James Edward Pace (January 1, 1936 – March 4, 1983) was an American running back in the National Football League. He was also an All-American halfback who played for the University of Michigan Wolverines teams from 1955 to 1957.

Youth
Although he was born in Little Rock, Arkansas, Pace was raised in Grand Rapids, Michigan. He played sandlot football with Terry Barr. In high school, Pace was a football and track star from 1950 to 1954. In track, he ran a time of a 9.6 seconds in the 100 yard dash at Dunbar High School.

College

Pace attended the University of Michigan and played for the Michigan Wolverines football.  He was named the Most Valuable Player on the Michigan football team.

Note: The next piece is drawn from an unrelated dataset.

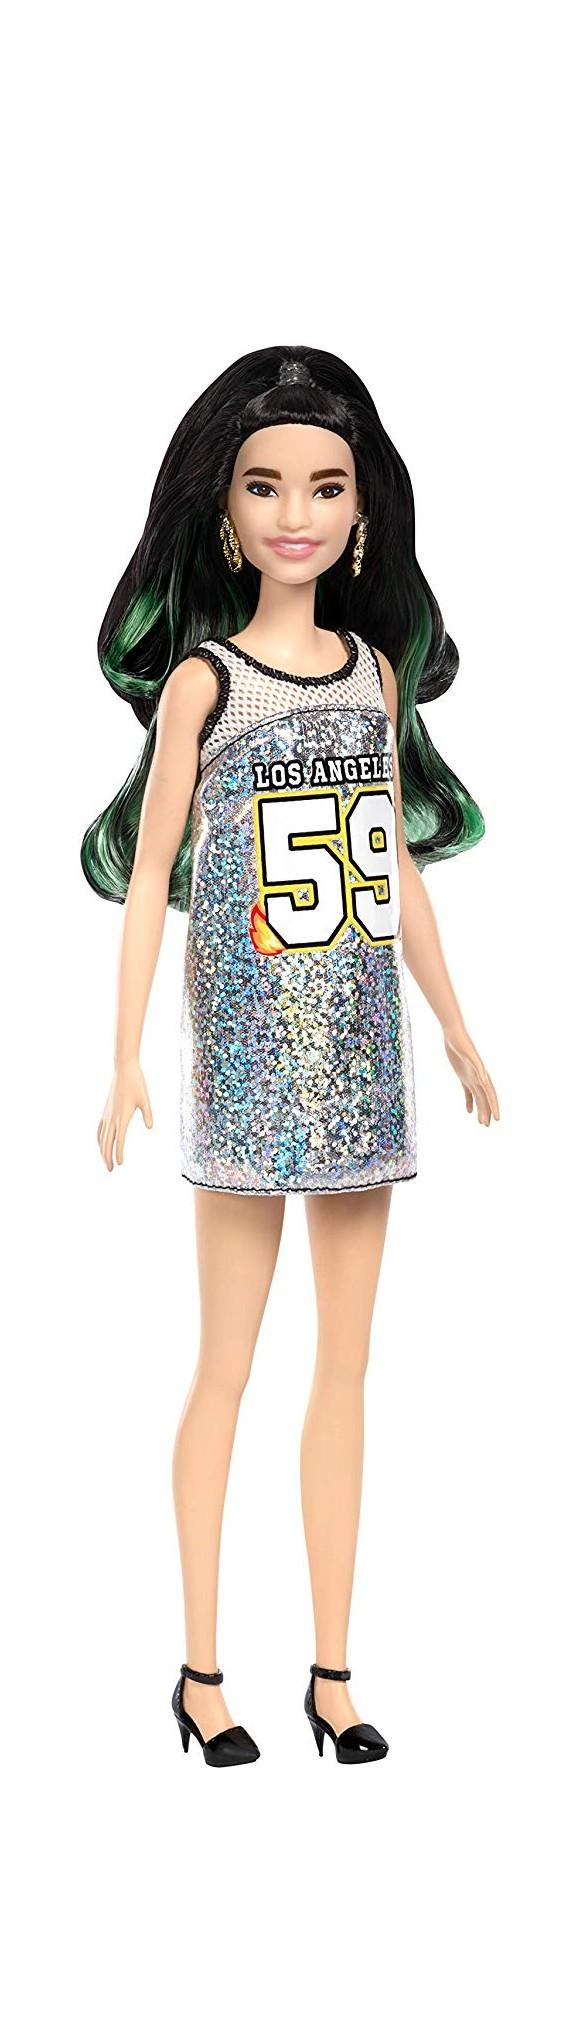 Barbie - Fashionistas - - Los Angeles Kjole - Sort/Grønt Hår

He was also awarded the Chicago Tribune Silver Football as the Most Valuable Player in the Big Ten Conference. He also ran track at Michigan and won the Big Ten 60-yard indoor dash title. In 1957, he scored ten touchdowns: seven rushing, two receiving, and one punt return. He accumulated almost 800 yards of total offense in 1957 (664 rushing, 122 receiving and 98 on punt returns) and averaged 5.4 yards per carry rushing. In the 1957 Michigan-Ohio State game, Pace rushed for 164 yards and caught a 14-yard pass, which was at that time the Michigan record for rushing yards against Ohio State. Pace played in the 1957 East–West Shrine Game. He was also selected by the Associated Press as a first-team player on the 1957 College Football All-America Team.

Professional career
Pace was the eighth pick in the first round of the 1958 NFL Draft. but played just one season for the San Francisco 49ers. He later played for the Hamilton Tiger-Cats of the Canadian Football League before retiring in 1963.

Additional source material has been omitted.